Appears that others have already answered most of your questions. I am commenting simply to support a couple things others have commented about. You should look at a minimum of 10K Worldmark Points. This will get you a week in a 2 bedroom in many Worldmark Resorts. Also in Worldmark the more Points you own the less per Point you pay in Maintenance Fees. Maintenance Fees are adjusted in 2,500 Point increments. So for example (not exact without looking at the MF Chart) a person that owns 7,501 Points will pay the same total MF as the person that owns 10,000 Points. Learn how to use the Wait List it is a very important tool. I have been able to get many Reservations by using the Wait List to include a 3 bedroom in Kihei Maui with only about 8 weeks notice.


----------



## rhonda (Jul 19, 2017)

Link to table of WM Annual Dues: https://www.worldmarktheclub.com/education/pdfs/WorldMark_Dues_Schedule.pdf


----------



## clifffaith (Jul 19, 2017)

Spend some time on the Worldmark Facebook board to get a feel for the system. There is also a separate buy, sell, rent board there. We love our Worldmark!


----------



## sue1947 (Jul 19, 2017)

bbodb1 said:


> Our goal here would be to gain access to WorldMark IF a good resale deal could be found.  I am just starting this consideration so I'm very early into this.

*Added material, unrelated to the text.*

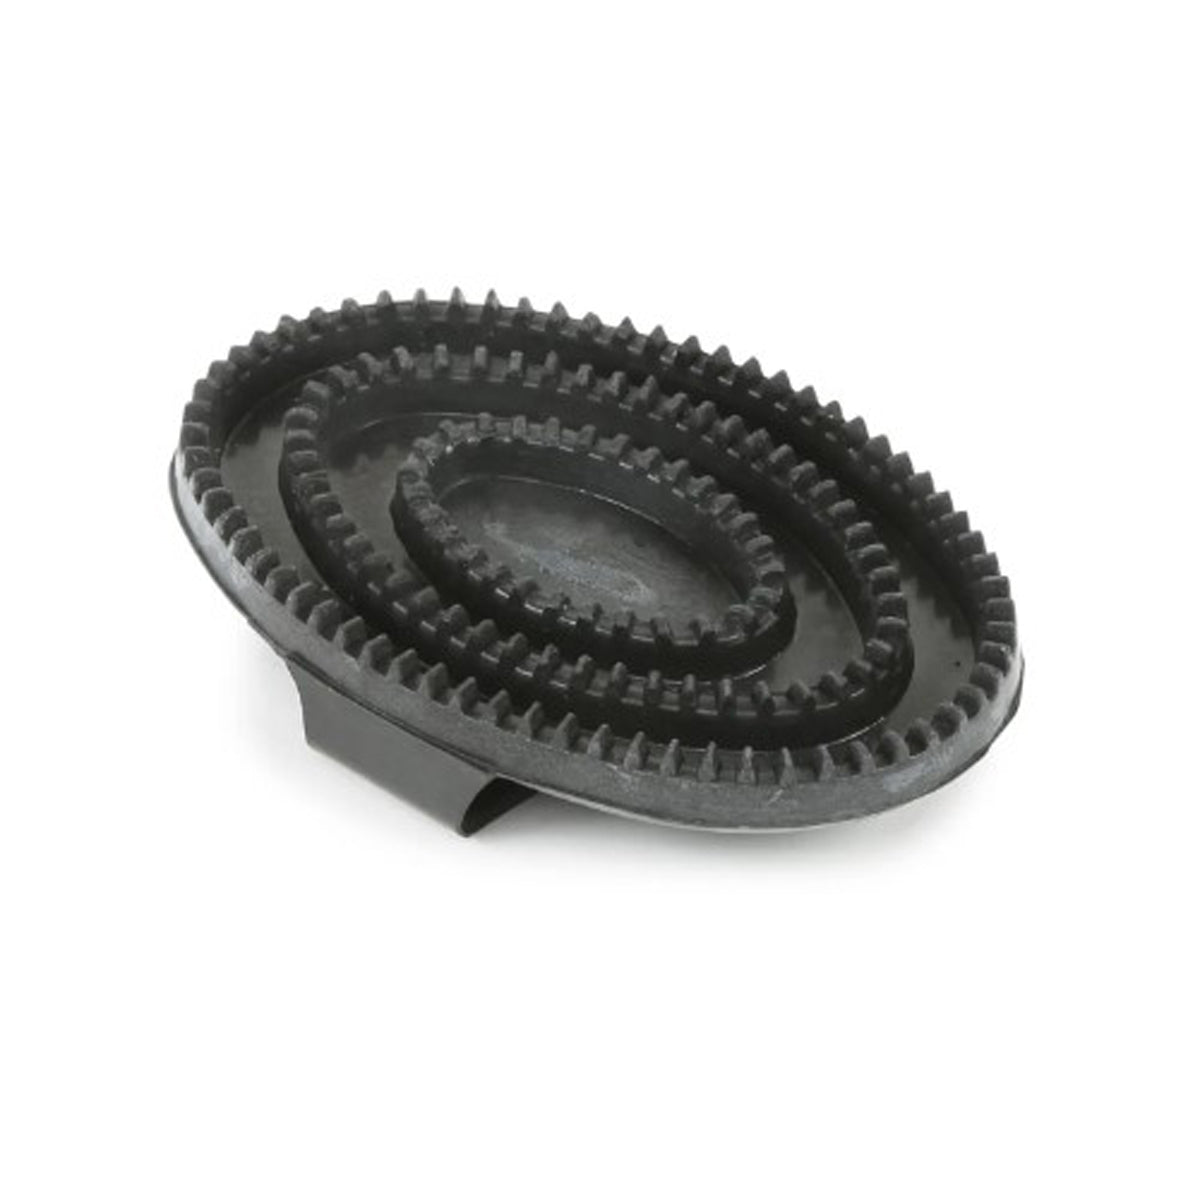 Shires Rubber Curry Comb

The next question you need to determine is how many nights/where/when you want to book which will determine how many credits to buy.   If you want to vacation during school holidays, then you will want enough to book a week.  The booking rules are that you can book starting at 13 months out but it needs to be at least 7 days in some combination.  In school holidays, those weeks go within minutes at some places.   On the other hand, if you can travel off season and midweek, then you can book less than a week.  The booking rules are that red season stays can book less than a week starting at 10 months, but blue or white off season nights can book starting at 13 months.  Look at the calendars and credit requirements in the resort section at worldmarktheclub.com to see how many credits you might use in a year.  In addition, there are lots of renters out there using WM as a business and you will find it very difficult to get a family size unit at some locations; ex; the 3 BR units at Yellowstone in summer.  That also means that you might be able to rent what you want without owning.  

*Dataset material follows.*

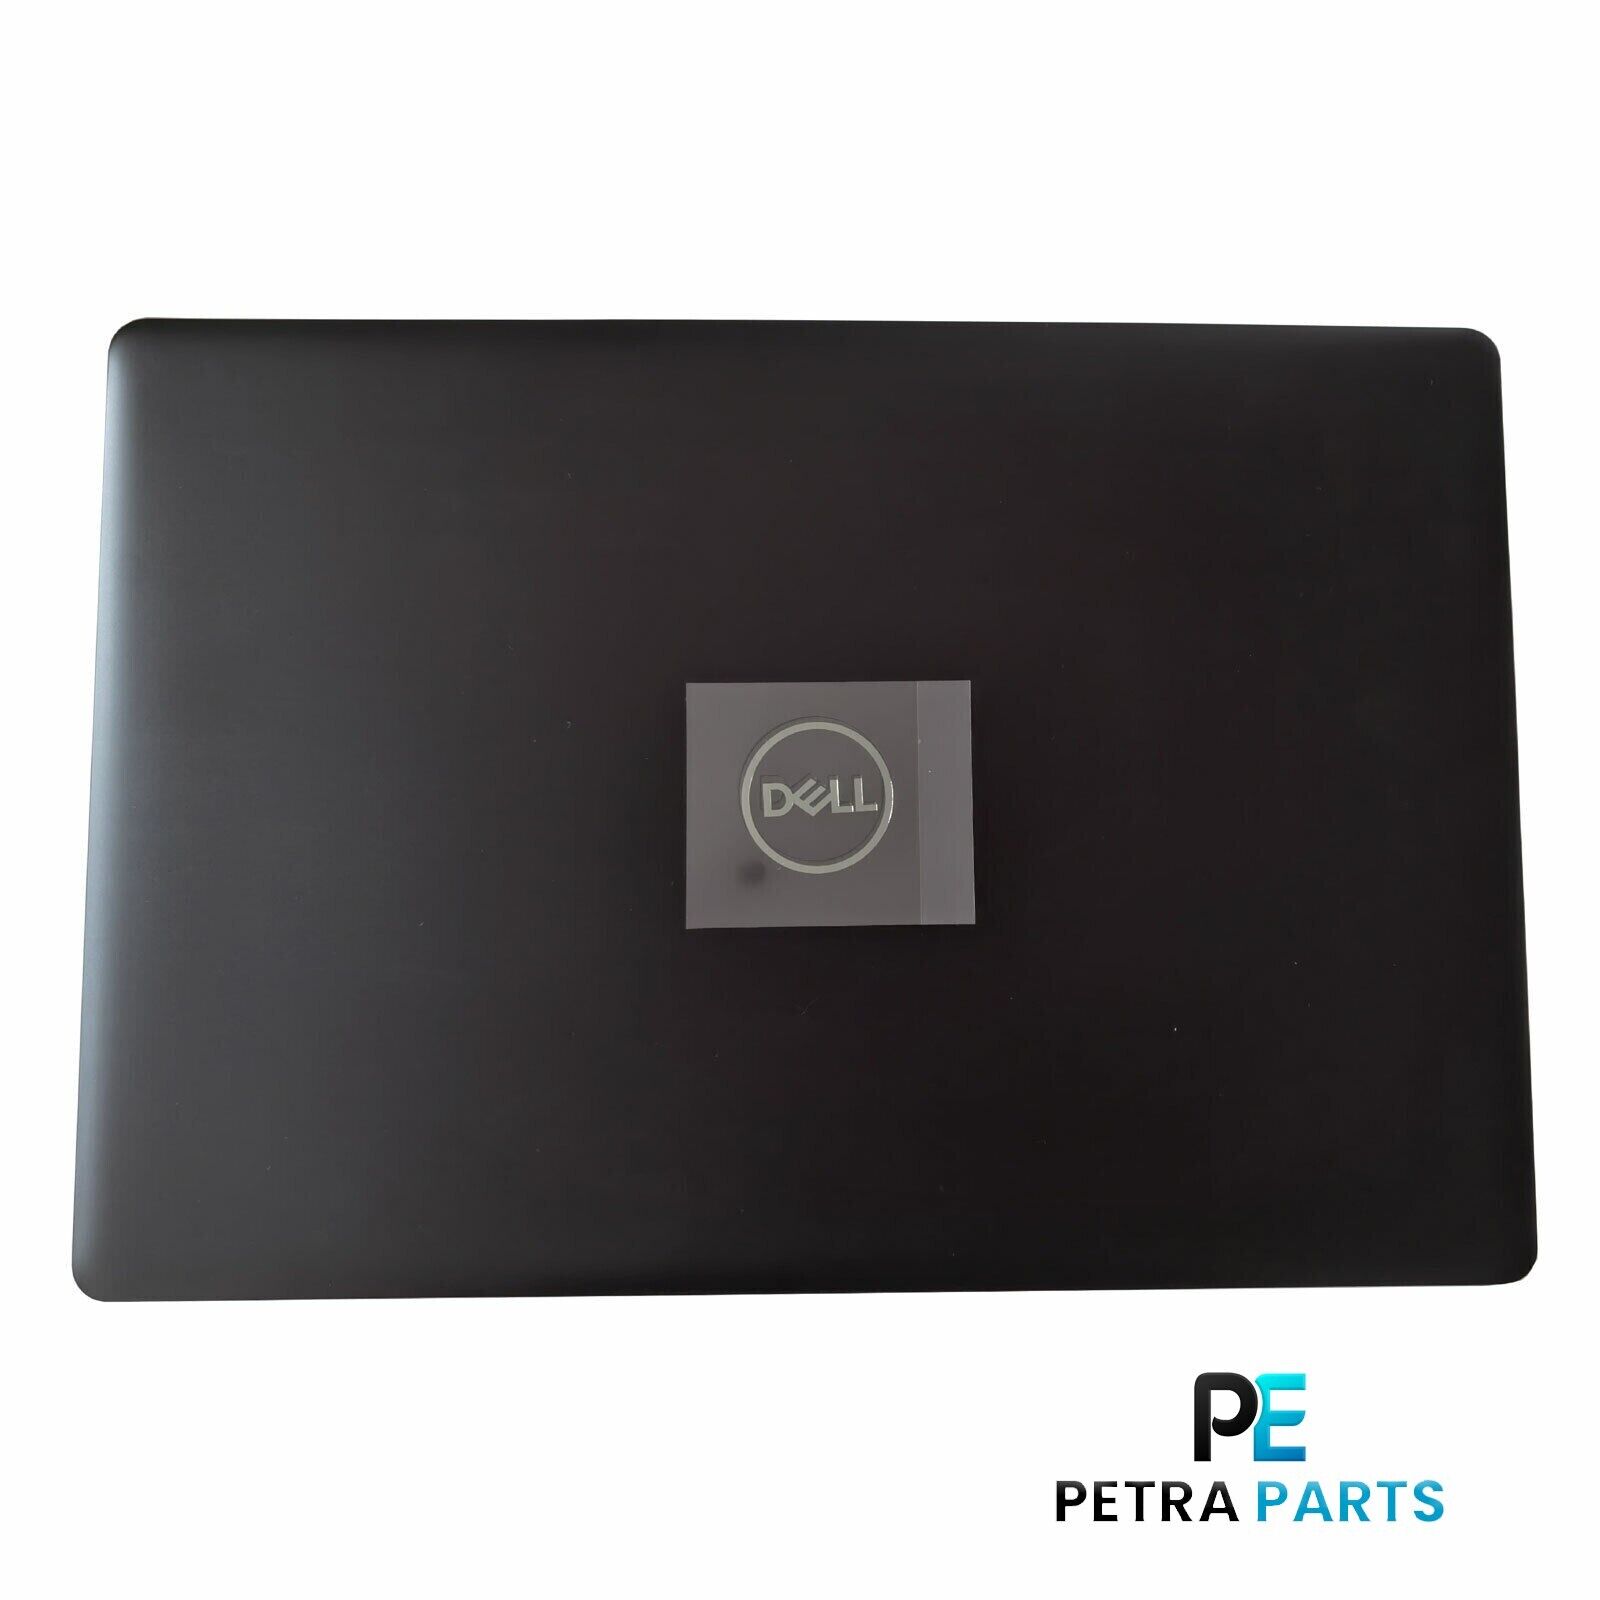 Laptop LCD Top Cover for DELL Inspiron 15 5570 P75F 0KHTN6 KHTN6 Back Cover

Credits are good for 2 years so if you only plan to head west every other year or so, you will need fewer credits.  In addition, you can rent credits (i.e. transfer credits from another owner's account) if you need more.  Recent limitations have been put in place limiting this to twice the size of your account so with a 5000 credit account, you could transfer in 10000 credits per year.  We can no longer transfer housekeeping tokens.  

The smallest account size is 5000, but the more likely size available for purchase is 6000.  Maintenance fees are more efficient at multiples of 5000.  

Sue


----------



## VacationForever (Jul 19, 2017)

sue1947 said:


> The smallest account size is 5000, but the more likely size available for purchase is 6000.  Maintenance fees are more efficient at multiples of 5000.
> 
> Sue



You meant 2500 increments?  See the annual dues posted by Rhonda above (post #14).


----------



## bizaro86 (Jul 19, 2017)

VacationForever said:


> You meant 2500 increments?  See the annual dues posted by Rhonda above (post #14).

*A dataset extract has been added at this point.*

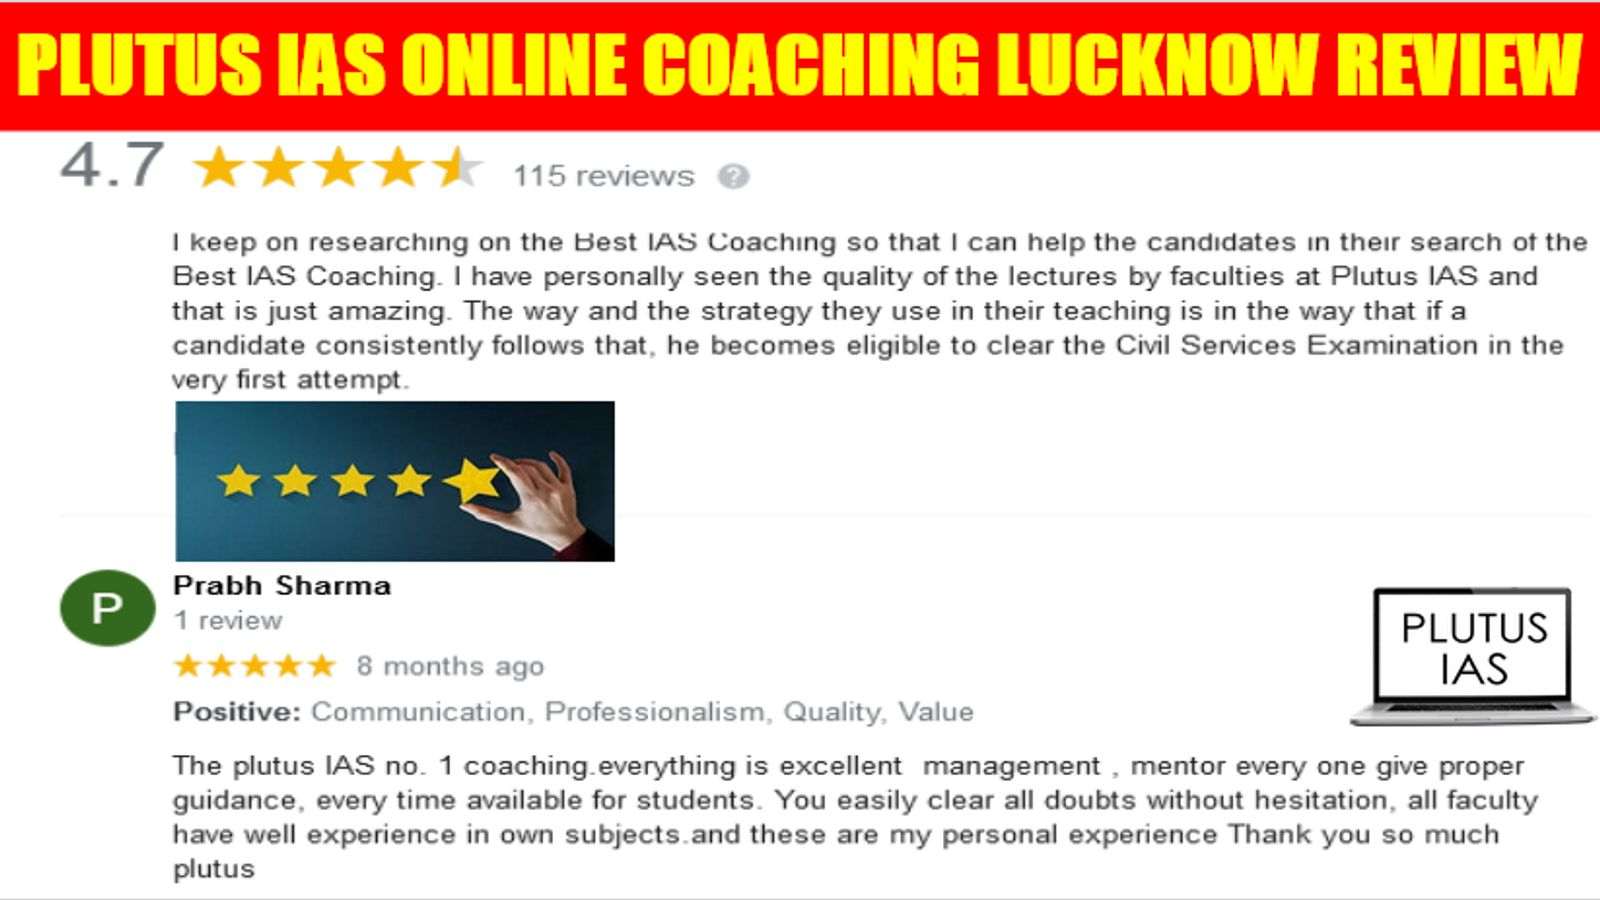 Plutus IAS Online Coaching Lucknow Review

They only come in 1000 point increments, so while 7500 would be an efficient amount, the best you can do before bumping up to the next mf tier is 7000.


----------



## sue1947 (Jul 19, 2017)

VacationForever said:


> You meant 2500 increments?  See the annual dues posted by Rhonda above (post #14).



No, I meant 5000 for the reason bizarro mentioned.  
Sue


----------



## VacationForever (Jul 19, 2017)

sue1947 said:


> No, I meant 5000 for the reason bizarro mentioned.
> Sue



Got it.  I was not aware that the points were sold only in 1000s.  

10K points is really a sweet spot for someone wanting to own a small amount of WM and yet be able to book a full week each year at 13 months out for red season.


----------



## Icc5 (Jul 22, 2017)

bbodb1 said:


> After a recent stay at WorldMark St. George (which included a sales presentation) one aspect of the WorldMark system that would help our future vacation needs is the WorldMark availability of resorts in the U.S. West.
> 
> The initial sales offer was around $3.49 per point for 5K in points in the WorldMark system.  After we said no the initial offer, the 'best' offer of $2.69 per point was produced.  Again, we said no.
> 
> ...


We have owned in Worldmark for 25+ years at 10,000 points we bought through Redweek at what we felt was a good price.  10,000 has worked out good over the years as we book 2 bedrooms when the kids came or when they got older we booked one bedroom and some short vacations.  The main reason we have it is our other timeshares are weeks so we use a few days of Worldmark lots of times when traveling in between.  We also have used bonus time many times,inventory specials, and used fax time for a wedding which we booked about 20 units at Winsor.  We are now retired and travel mainly in the off season which again gets us that much more.


----------